Stored data:
________________________

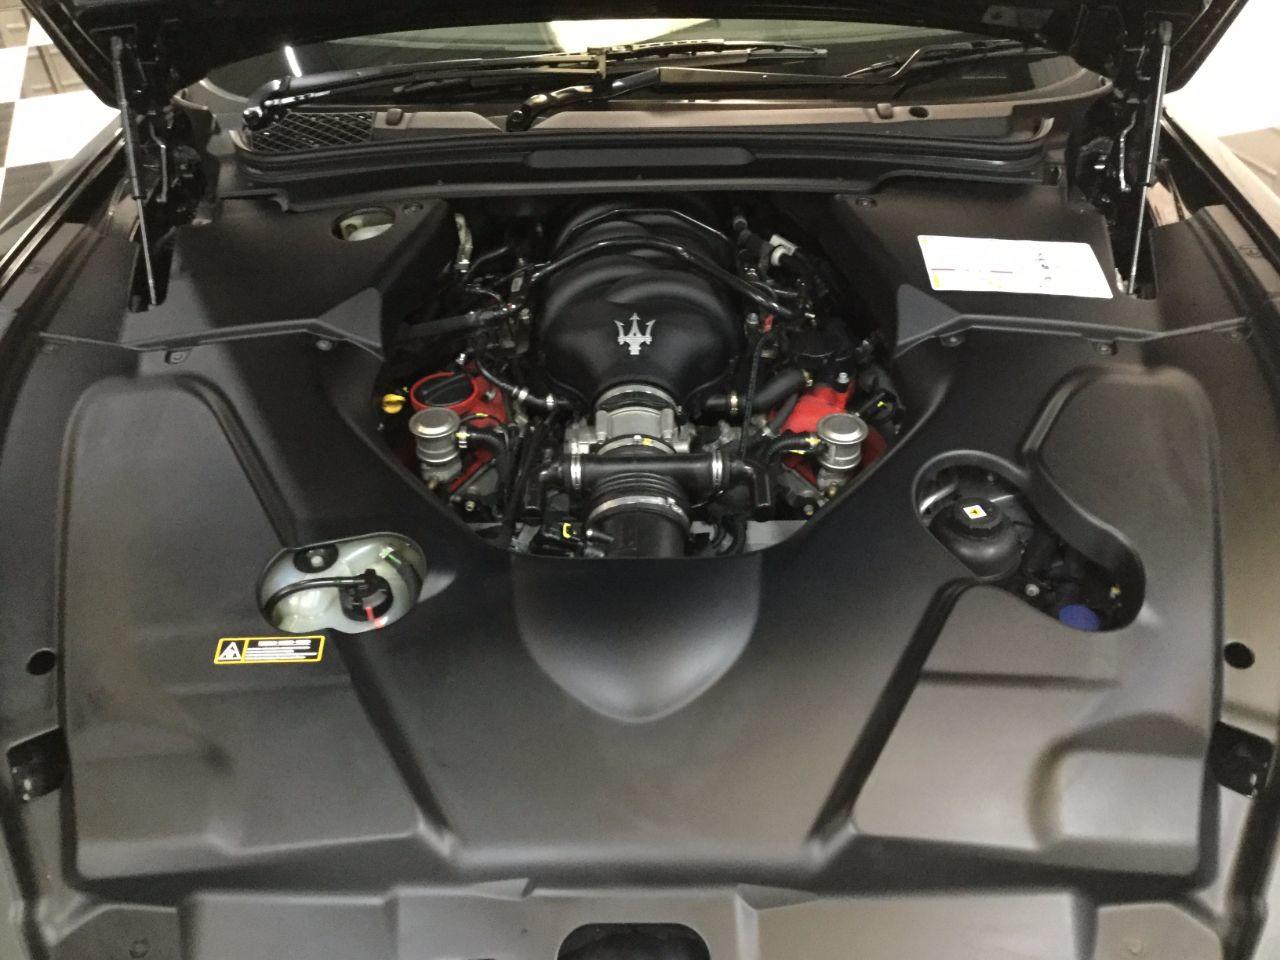 Maserati Granturismo 4.7 V8 S 2dr Automatic Coupe Petrol Grey
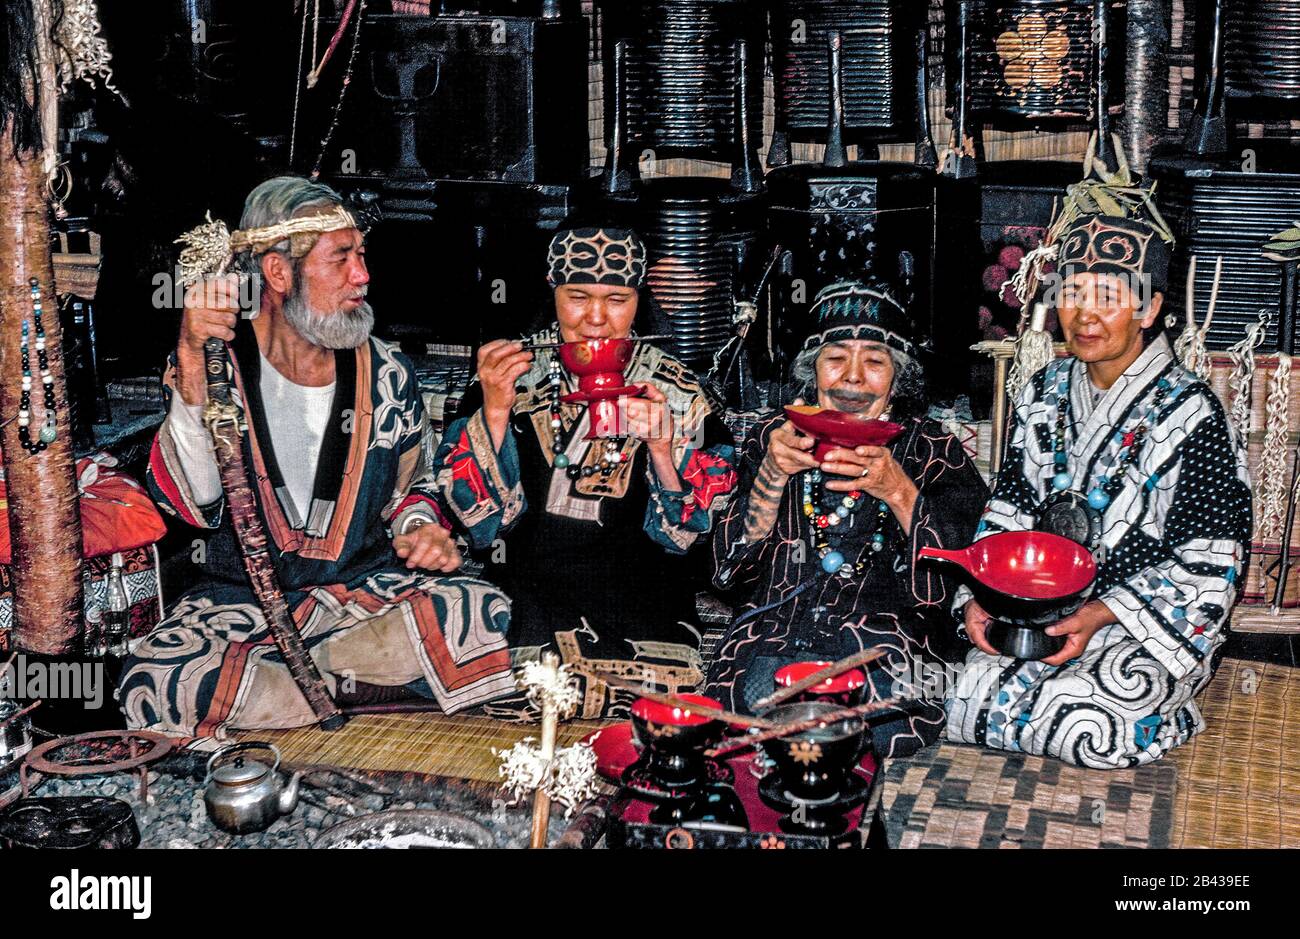 Un hombre ainu barbudo y tres mujeres posan en vestido tradicional con recuerdos ainu que venden en una casa natal que está abierta a los turistas en la isla de Hokkaido en el norte de Japón. Detrás de ellos hay barricas de laca que contienen tesoros familiares. La mujer mayor, de 84 años, tiene un tatuaje alrededor de su boca que se asemeja a un bigote. La dolorosa tradición de frotar el hollín en cortes en la piel durante la infancia de las niñas ainu para protegerse de los malos espíritus ha sido proscrita desde entonces por el gobierno japonés. Estos eran 4 de sólo 300 ainu de sangre pura que todavía viven cuando esta fotografía histórica fue tomada en 1962 Foto de stock
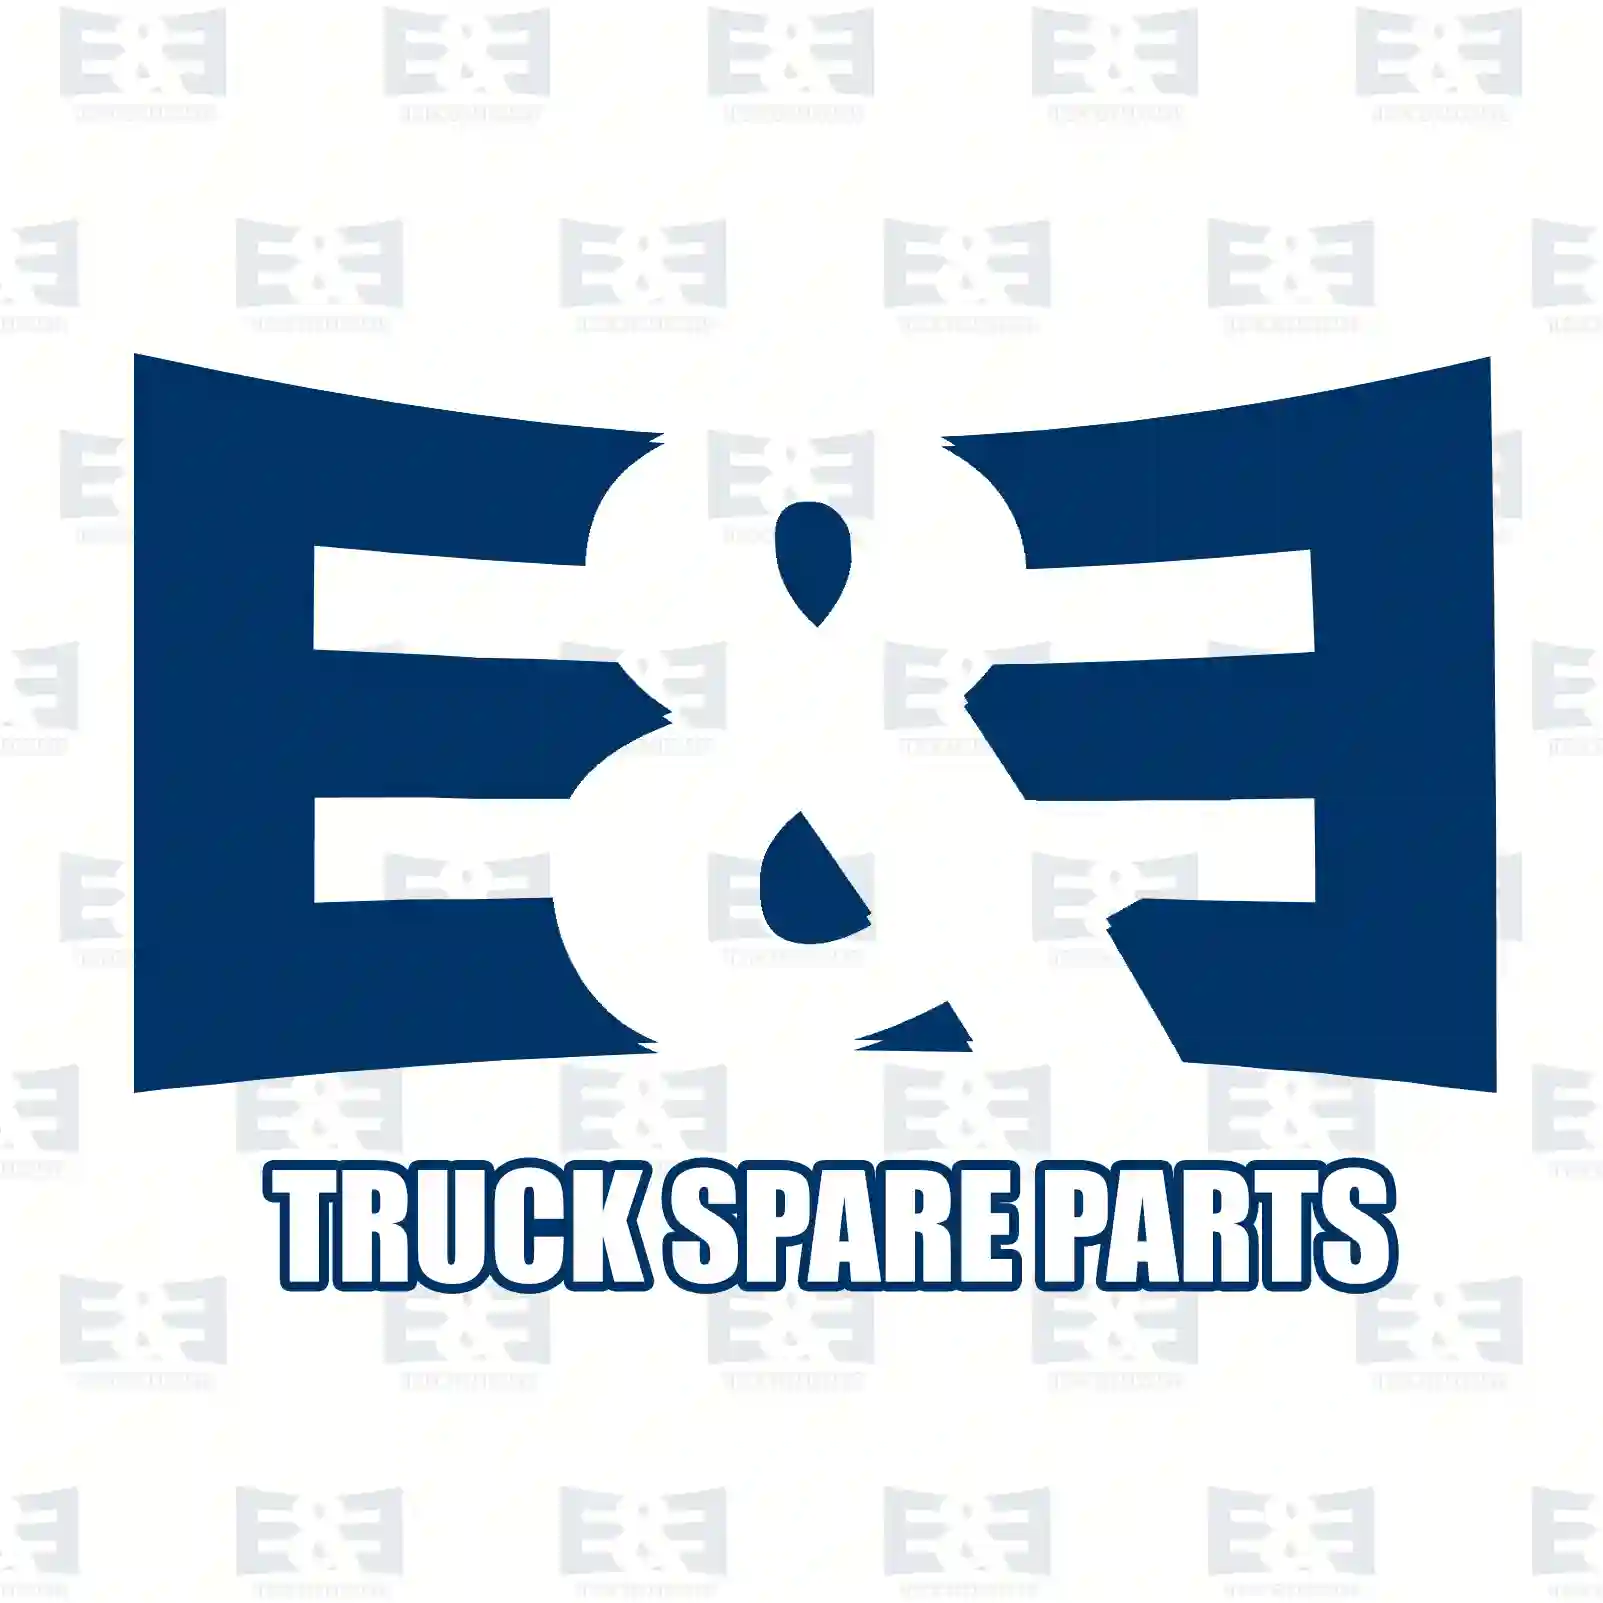 Step well case, right, 2E2289032, 20593735 ||  2E2289032 E&E Truck Spare Parts | Truck Spare Parts, Auotomotive Spare Parts Step well case, right, 2E2289032, 20593735 ||  2E2289032 E&E Truck Spare Parts | Truck Spare Parts, Auotomotive Spare Parts
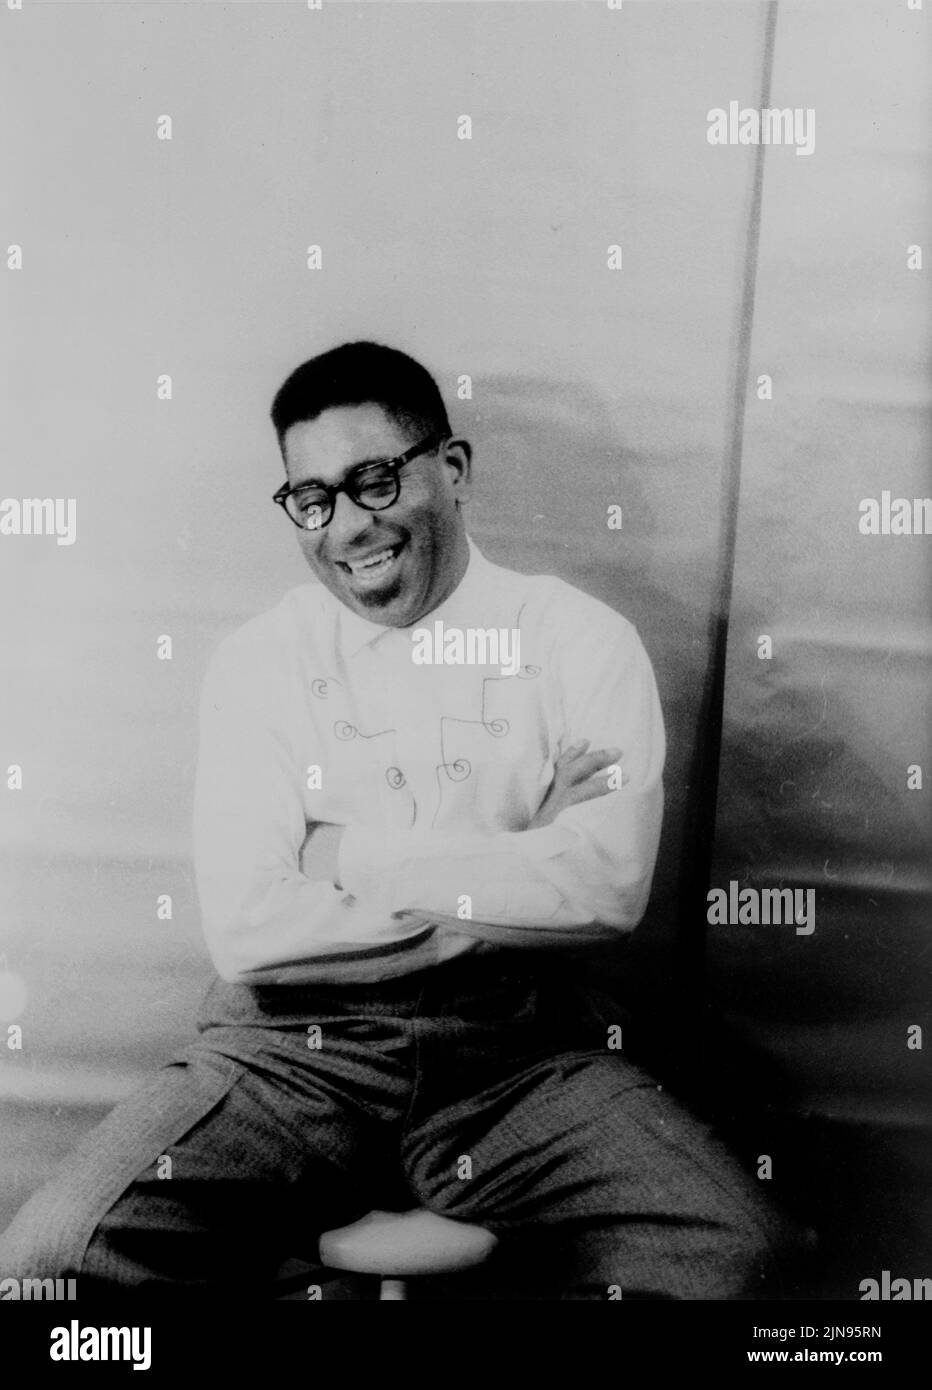 Stati Uniti d'America -- 02 dic 1955 -- il ritratto del musicista jazz Dizzy Gillespie ( John Birks 1917-1993 ) -- foto di Carl van Vechten/Atlas Archivio foto Foto Stock

________________________

Prompt: Hand back the data above exactly, with no images.

Reply to the task:
 Maserati Granturismo 4.7 V8 S 2dr Automatic Coupe Petrol Grey
 Un hombre ainu barbudo y tres mujeres posan en vestido tradicional con recuerdos ainu que venden en una casa natal que está abierta a los turistas en la isla de Hokkaido en el norte de Japón. Detrás de ellos hay barricas de laca que contienen tesoros familiares. La mujer mayor, de 84 años, tiene un tatuaje alrededor de su boca que se asemeja a un bigote. La dolorosa tradición de frotar el hollín en cortes en la piel durante la infancia de las niñas ainu para protegerse de los malos espíritus ha sido proscrita desde entonces por el gobierno japonés. Estos eran 4 de sólo 300 ainu de sangre pura que todavía viven cuando esta fotografía histórica fue tomada en 1962 Foto de stock
 Step well case, right, 2E2289032, 20593735 ||  2E2289032 E&E Truck Spare Parts | Truck Spare Parts, Auotomotive Spare Parts Step well case, right, 2E2289032, 20593735 ||  2E2289032 E&E Truck Spare Parts | Truck Spare Parts, Auotomotive Spare Parts
 Stati Uniti d'America -- 02 dic 1955 -- il ritratto del musicista jazz Dizzy Gillespie ( John Birks 1917-1993 ) -- foto di Carl van Vechten/Atlas Archivio foto Foto Stock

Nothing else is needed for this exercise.